*SOURCE DATA*
※

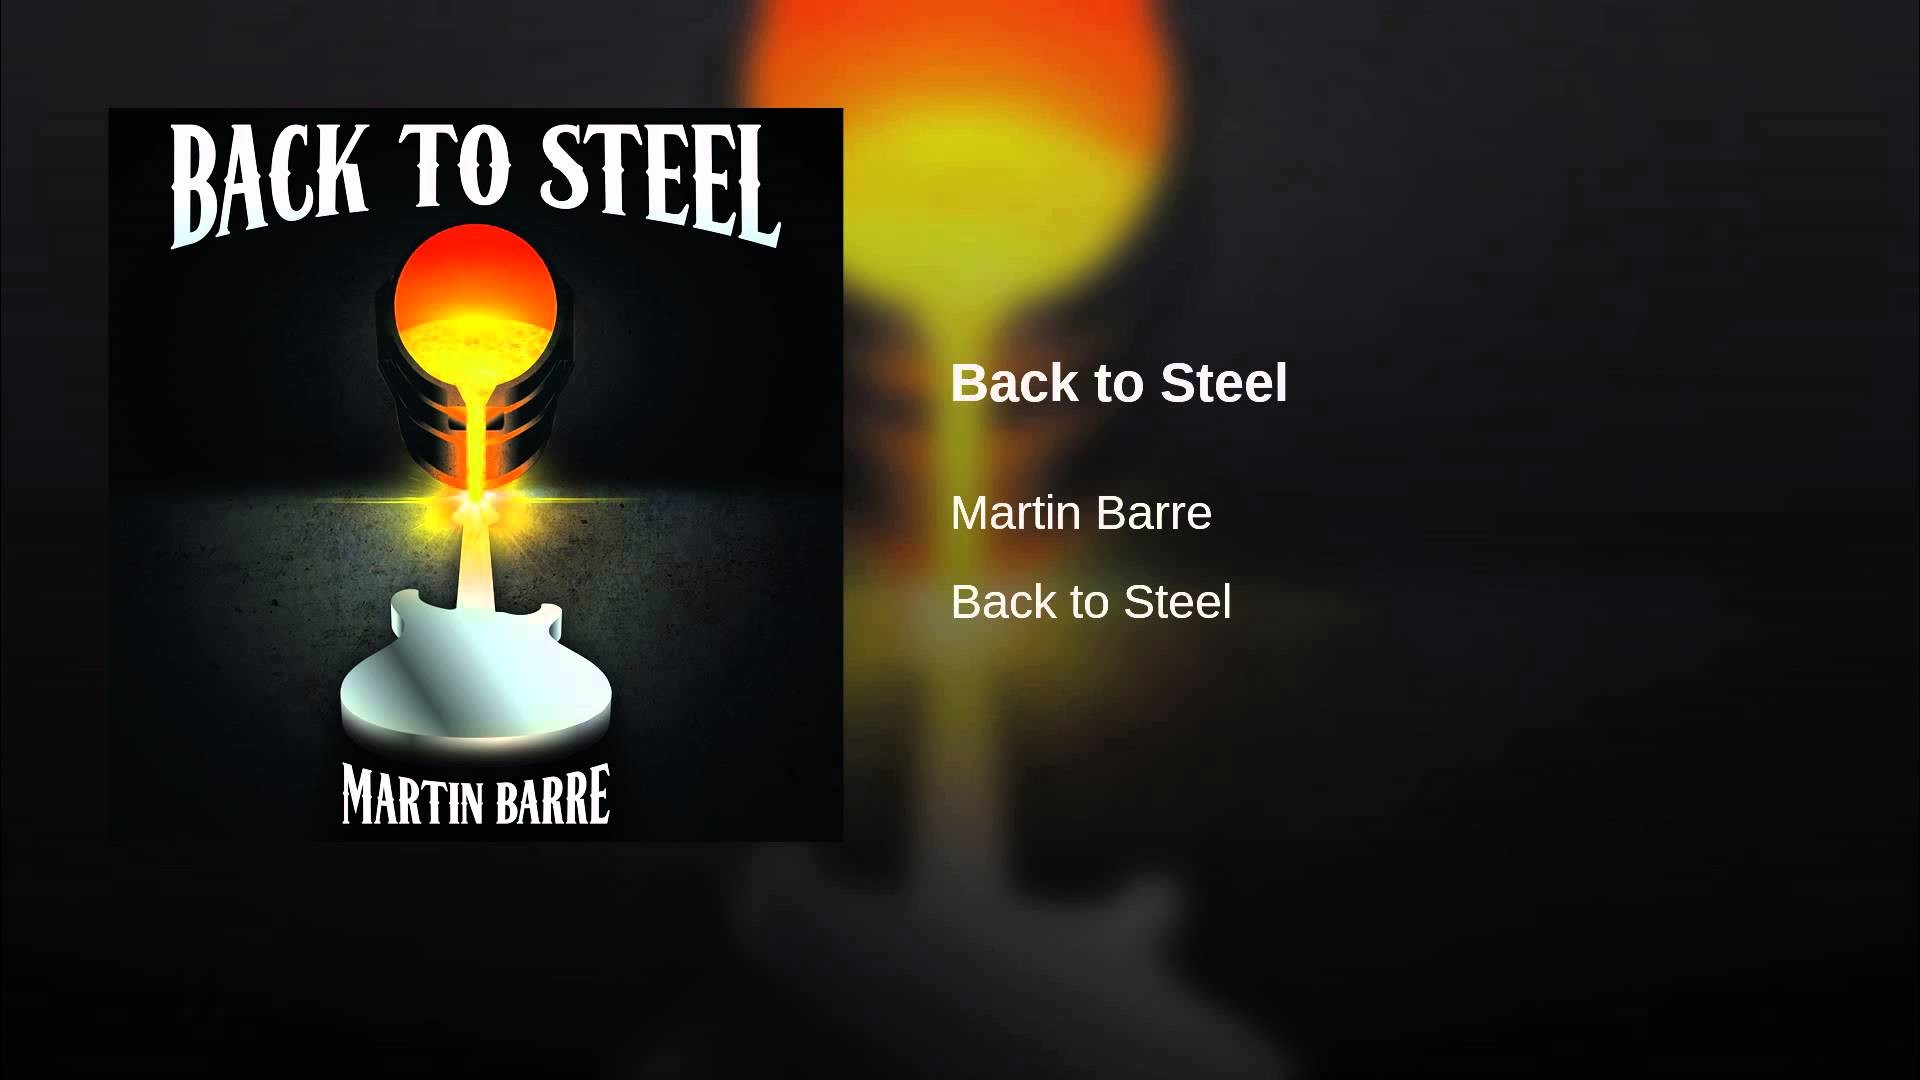 1920x1080 Martin Barre: Jethro Tull guitarist talks about new solo album 'Back
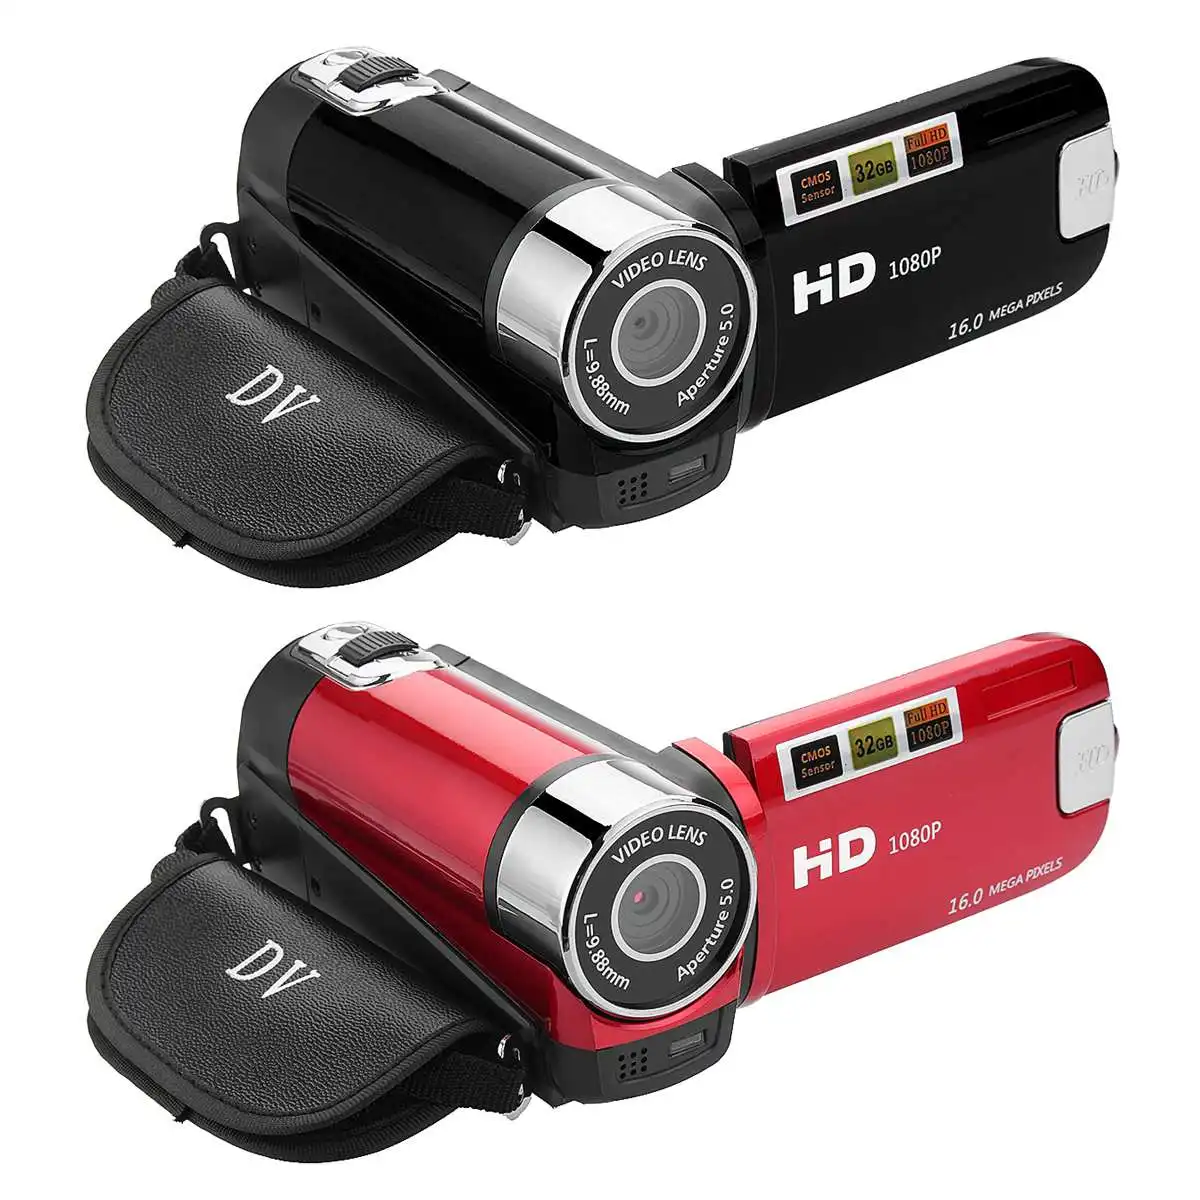 1080P HD Цифровая камера портативная Videocamcoder Videocam DV для домашнего использования дорожная видеокамера вращающийся на 270 градусов экран
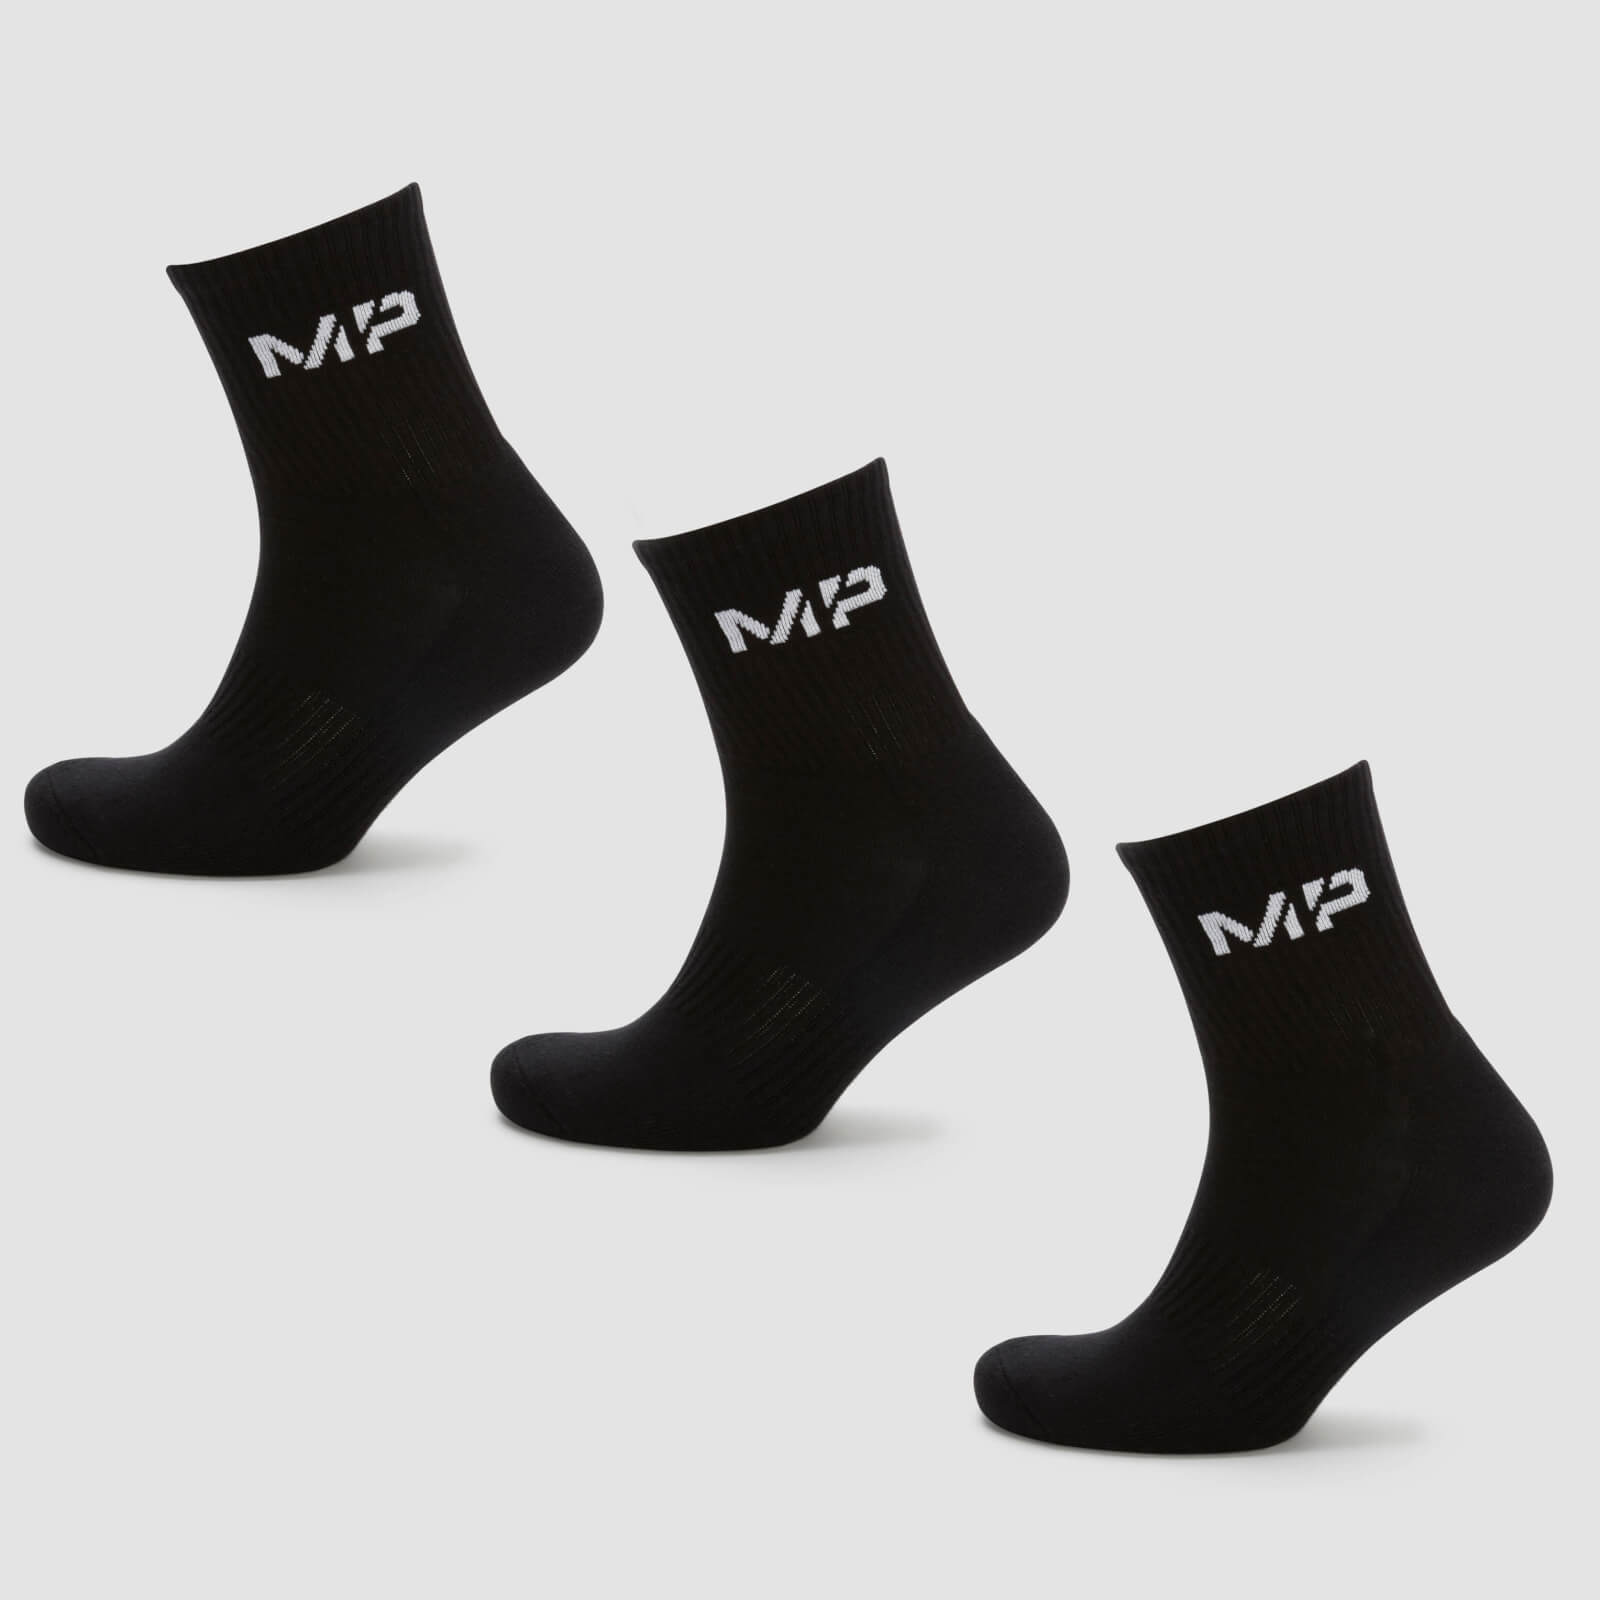 MP Men's Crew Socks (3 Pack) - Black - UK 6-8

※

*ASSIGNMENT*
Restate all the material verbatim; omit every picture.

*WORKED SOLUTION*
 1920x1080 Martin Barre: Jethro Tull guitarist talks about new solo album 'Back
 1080P HD Цифровая камера портативная Videocamcoder Videocam DV для домашнего использования дорожная видеокамера вращающийся на 270 градусов экран
 MP Men's Crew Socks (3 Pack) - Black - UK 6-8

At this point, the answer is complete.